Cells that harbor an active beta-galactosidase enzyme can be made to turn blue in the

presence of certain substrates. Those colonies that have a passenger inserted at the multiple

cloning site of the pUC plasmids will lack the enzyme and will be white, while those that

have simply recircularized (those that don't contain a passenger) will stain blue. In this way,

pUC plasmids containing a foreign insert of DNA can be distinguished from plasmids

without a passenger.

b. BACTERIOPHAGE λ

DNA is extracted from phage λ and the central gene cluster is

removed by restriction endonuclease digestion. The foreign

DNA to be cloned is cut with the same enzyme and ligated to

the left and right “arms” of the phage λDNA. The

recombinant DNA is then mixed with phage proteins in vitro.

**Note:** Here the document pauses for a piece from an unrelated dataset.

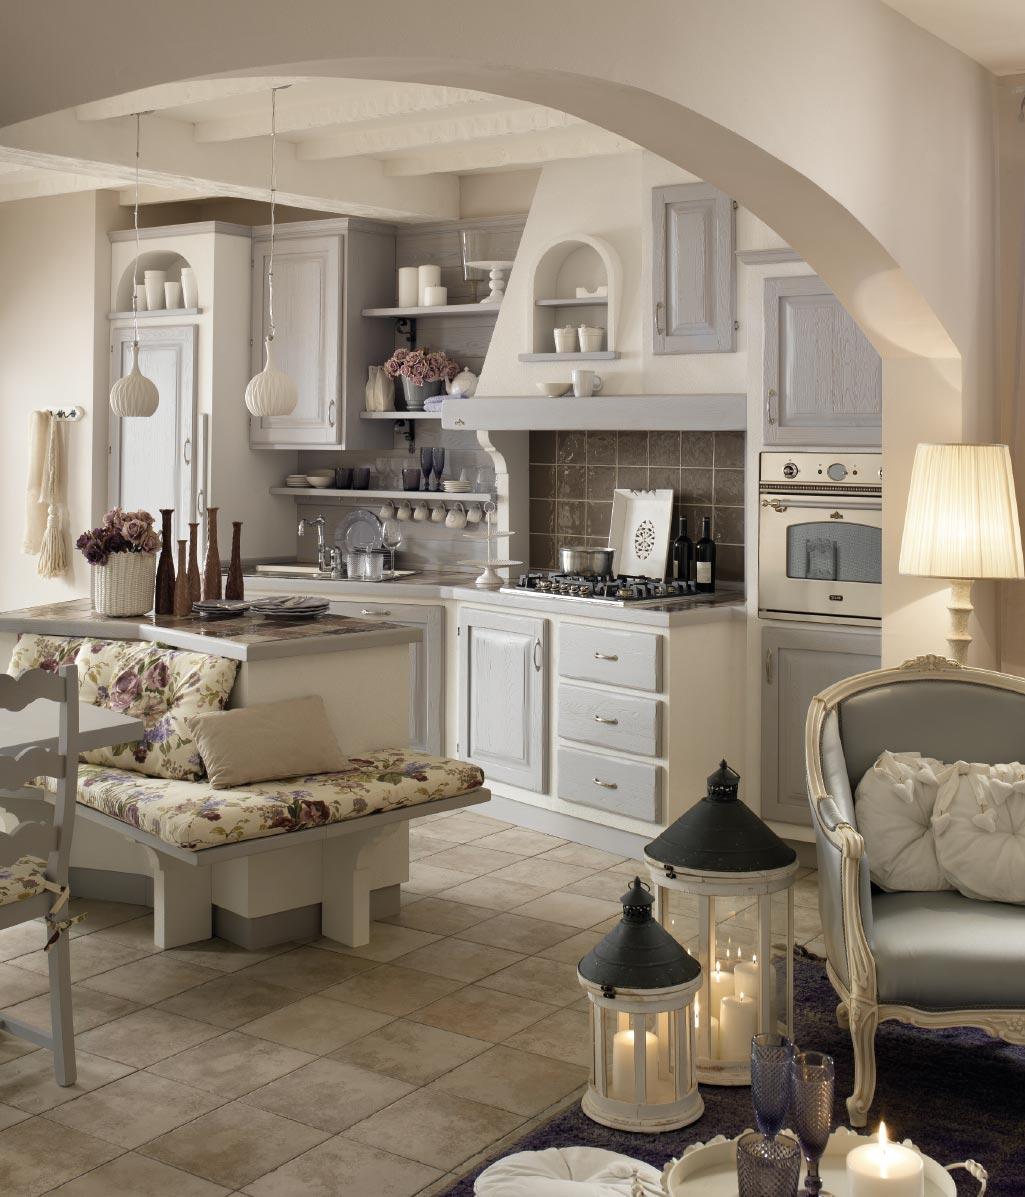 Cucine shabby chic accessori e mobili con foto per scoprire questo stile designandmore - Foto cucine country ...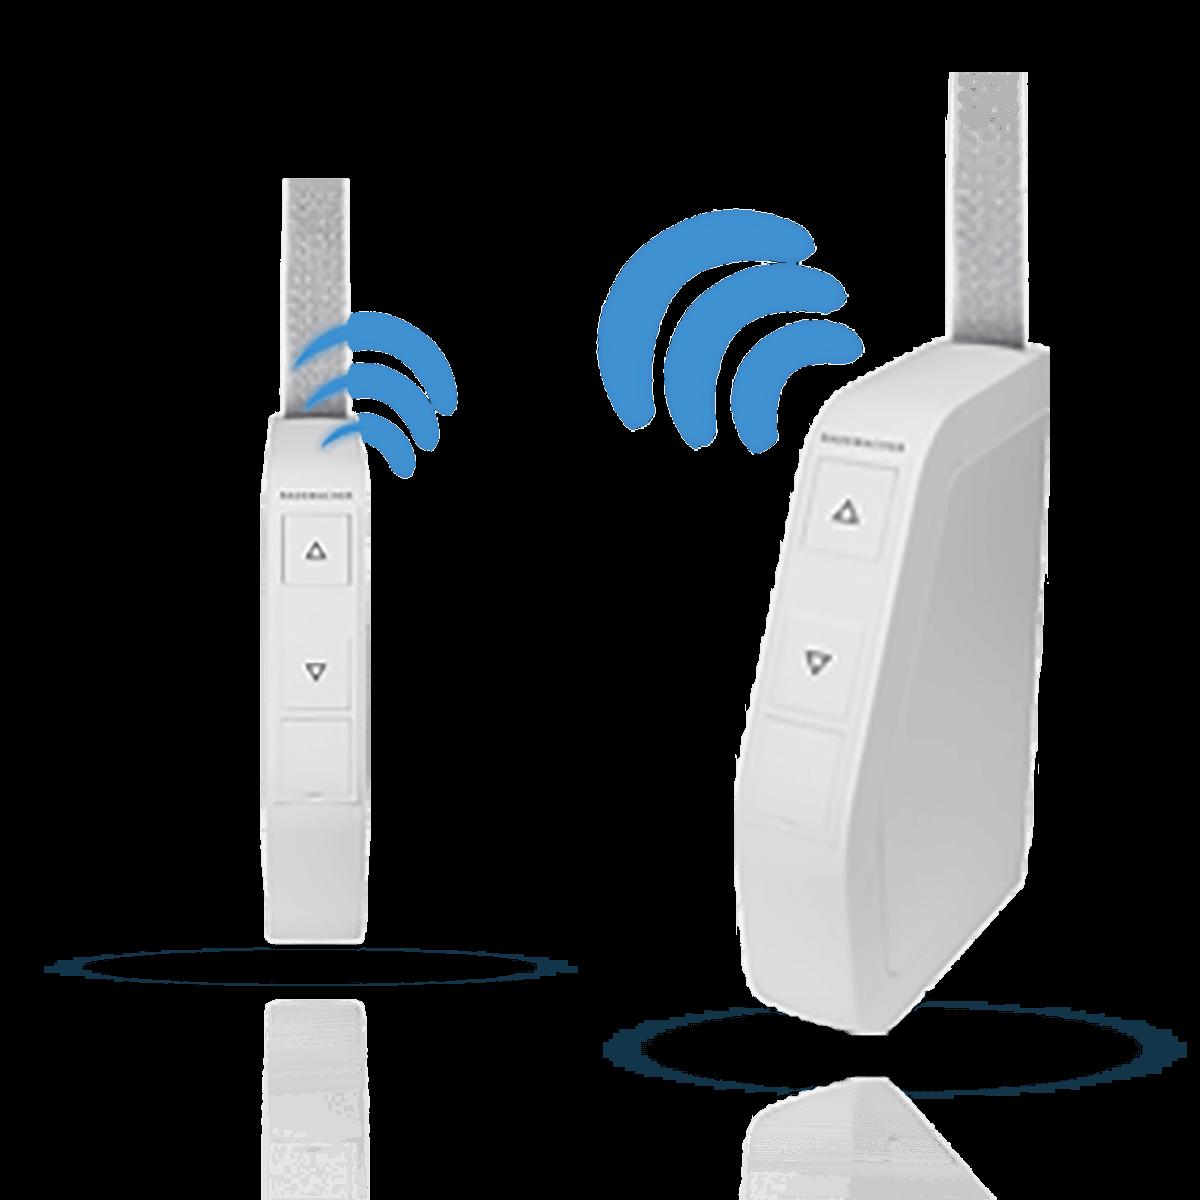 Rademacher Funk-Schwenkwickler RolloTron Standard in weiß, Aufputz, für Maxi-Gurte (23 mm Breite), DuoFern-Funk

The DNA is packaged into the phage head and tail fibers are

attached via a self-assembly pathway. The recombinant viral

particle is then able to infect bacterial cells on an agar plate.

The phage replicates its genome, including the foreign DNA

insert.

Recombinant phage λ DNA directs the cell to make phage particles. The bacteria become

filled with new phage particles, break open (lyse), and release millions of recombinant

phages. The holes in the lawn of host bacteria, called plaques, are regions where phages have

killed the bacteria. Each plaque represents progeny of a single recombinant phage.

Figure:-Lysis plaques of lambda phage on E. coli bacteria

Although plasmids make good general purpose cloning vectors, there are limitation to their

use. The major problem relates to the size of insert, which can be effectively carried into the

cell. Transformation frequencies sharply decrease as the size of the DNA circle increases. In

addition, plasmids with large inserts are unstable and give rise to smaller segregants.

Bacteriophage lambda has been widely used in recombinant DNA since engineering of

the first viral cloning vector in 1974. Phage lambda vectors are particularly useful for

preparing genomic libraries, because they can hold a larger piece of DNA than a plasmid

vector. The phage lambda has 2 modes by which it replicates itself- the 1 st is LYTIC CYCLE

which involves attachment of the phage to the bacterial cell, infection of the phage DNA and

the replication of this DNA inside the cell. After the packaging of the DAN molecule in

protein coats, the cell will LYSE, liberating the progeny phage.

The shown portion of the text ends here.